AMENDMENT TO AGREEMENT OF SALE
This Amendment to Agreement of Sale (this "Amendment") is made and entered
into on this 9th day of October, 1996, by and between Storage Trust Properties,
L.P., a Delaware limited partnership ("Purchaser"), and Xxxxx Mill Road
Partners, an Illinois limited partnership ("Seller"). This Amendment is made
in view of the following facts:
A. The Purchaser and the Seller previously entered into that certain
Agreement of Sale entered into as of the 26th day of September, 1996 (the
"Agreement").
B. The Purchaser and the Seller desire to amend the Agreement in order to
extend the Agreement and to alter certain dates contained within the Agreement.
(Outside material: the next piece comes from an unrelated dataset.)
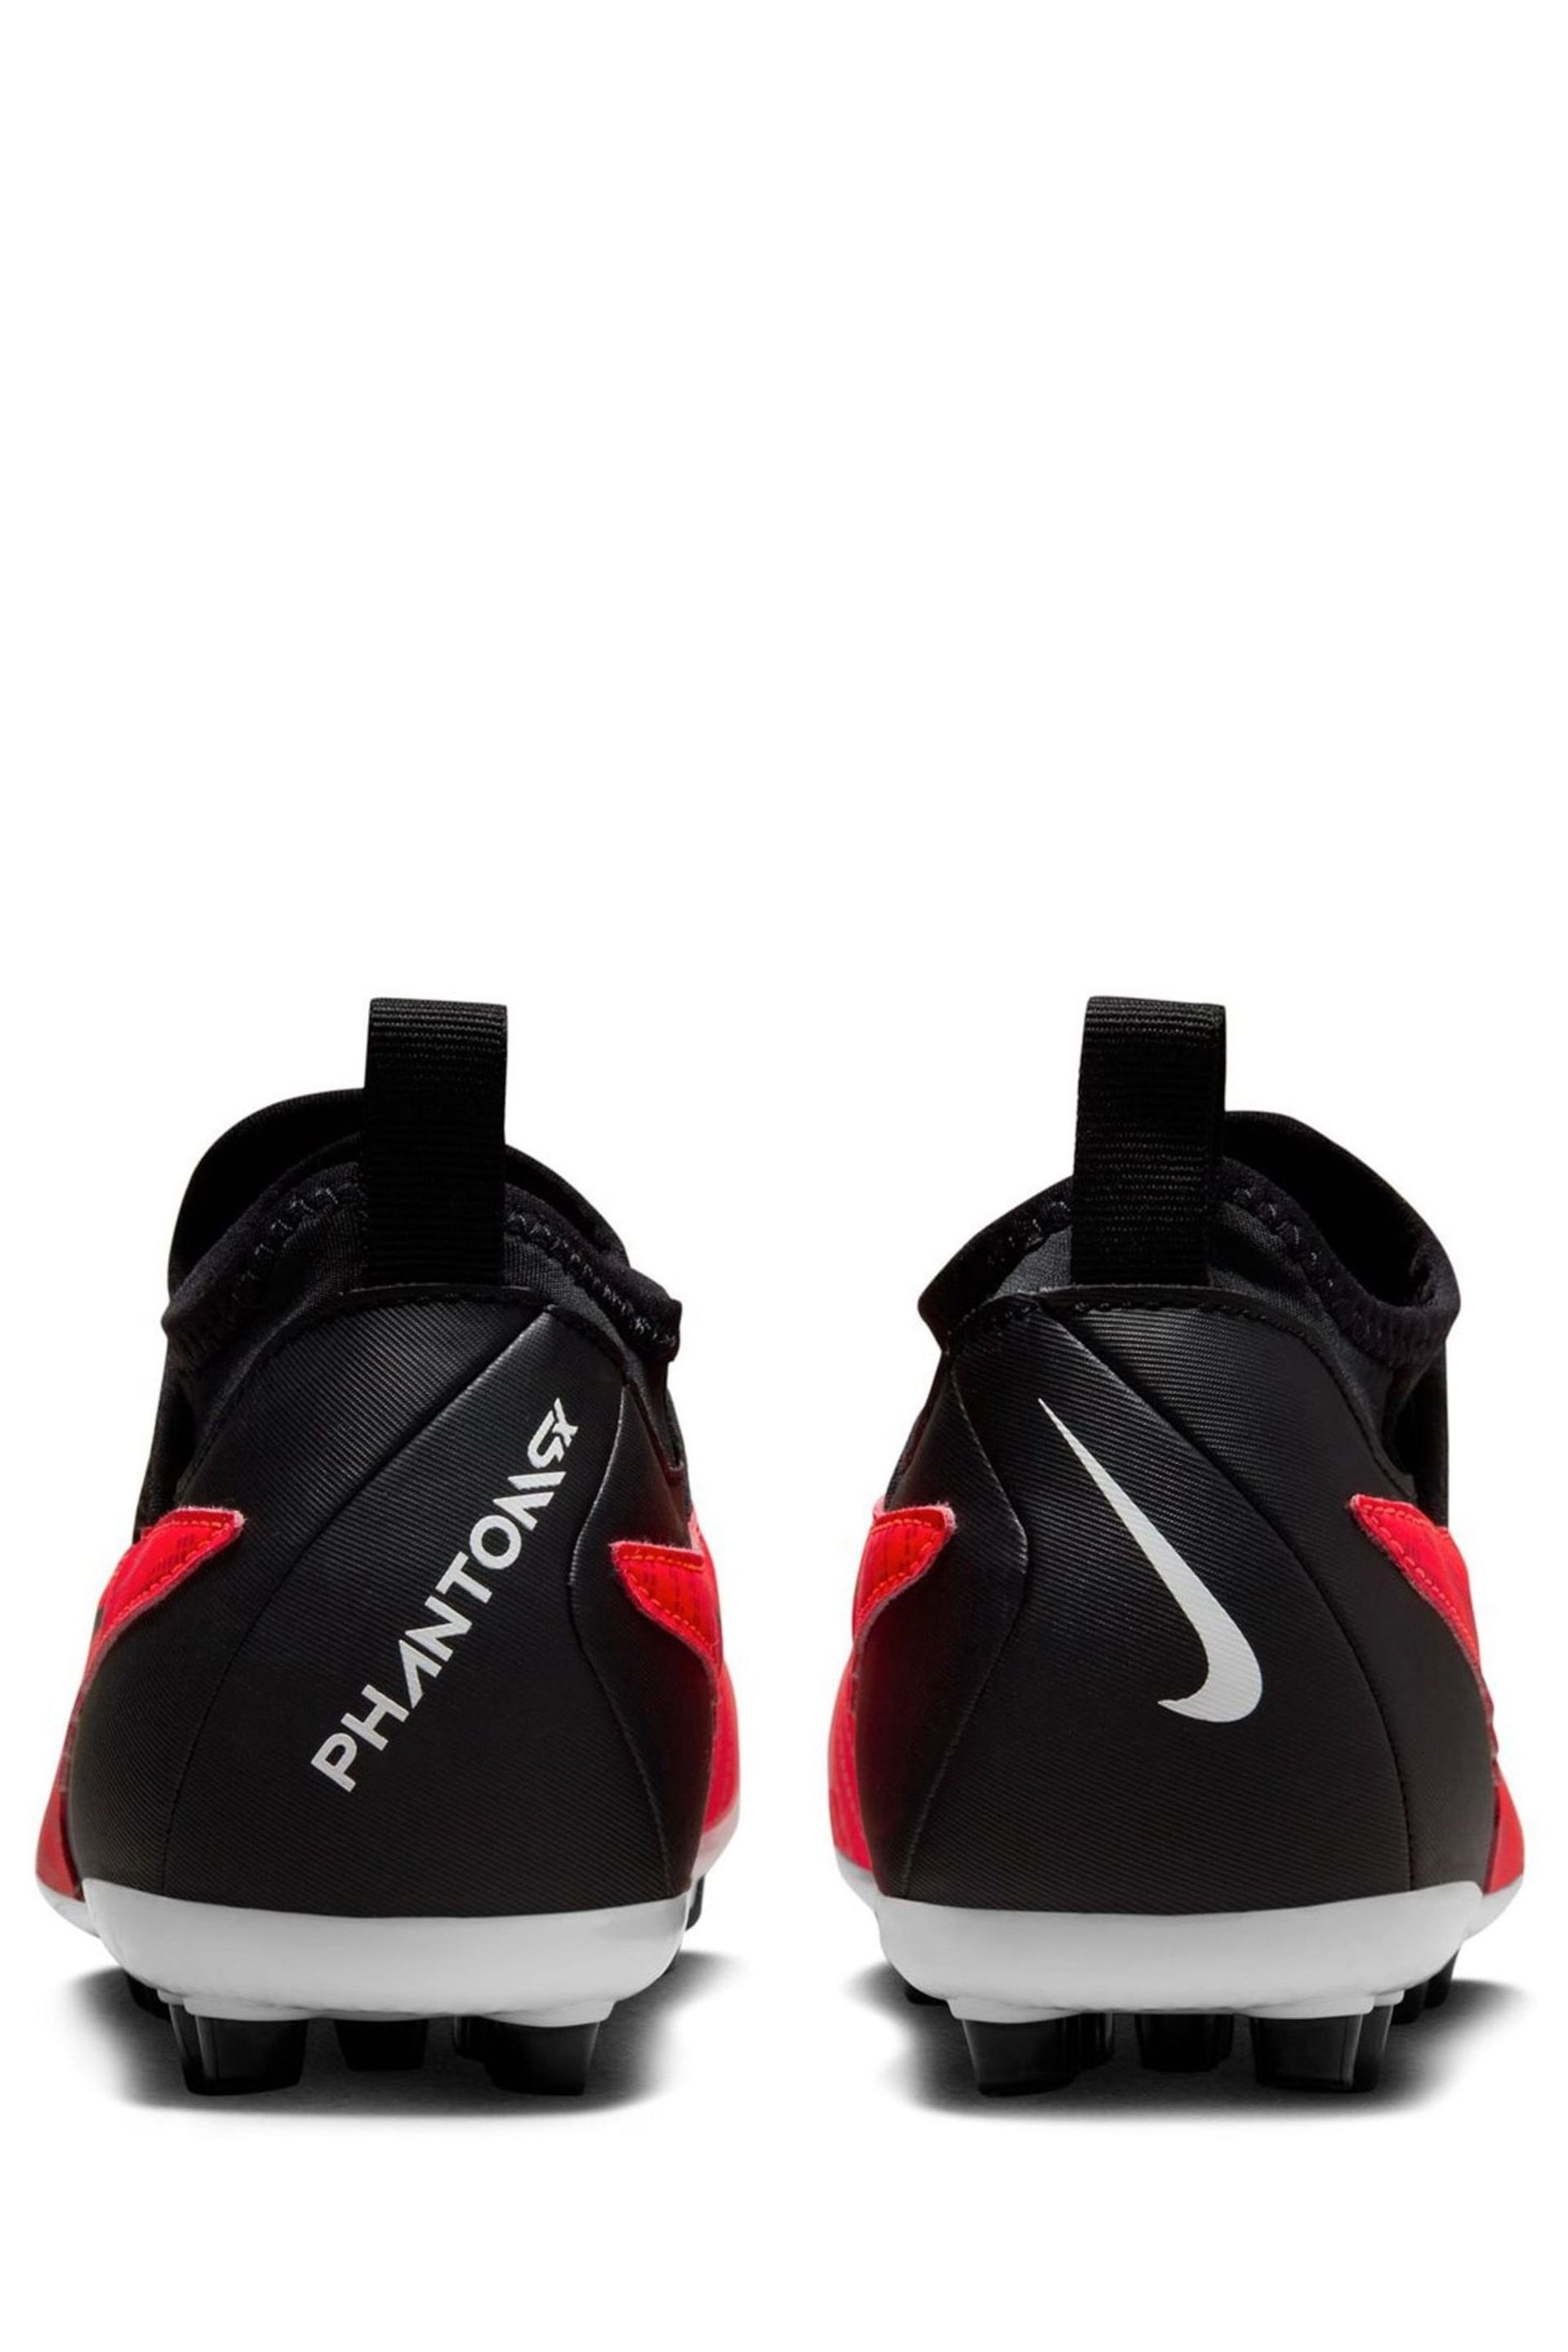 Nike Red Jr. Phantom Dynamic Artificial Ground Football Boots - Image 7 of 12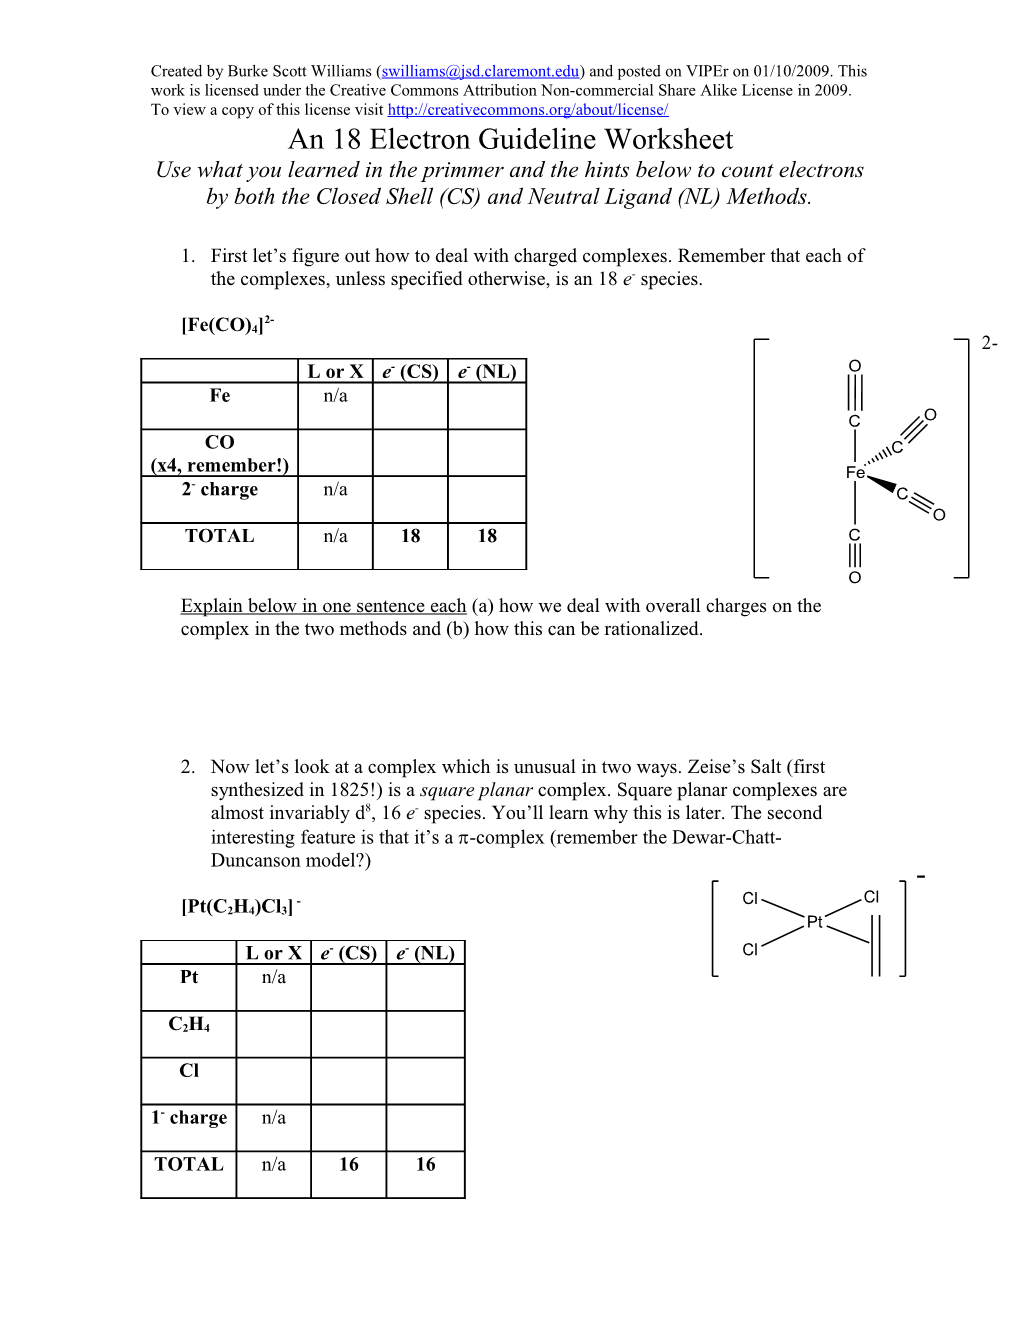 An 18 Electron Guideline Worksheet

NOW, THEREFORE, in consideration of the promises and conditions herein
contained, and in view of the foregoing recital of facts, the parties hereto
agree as follows:
1. Capitalized Terms: Unless otherwise defined herein, capitalized terms
shall have the same meanings ascribed to them within the Agreement.
2. Inspection and As-Is Condition: The first paragraph within Paragraph
7.1 of the Agreement is hereby deleted in its entirety and the following
provision is substituted in its place:
"7.1 During the period commencing on July 29, 1996, and ending at 5:00 p.m.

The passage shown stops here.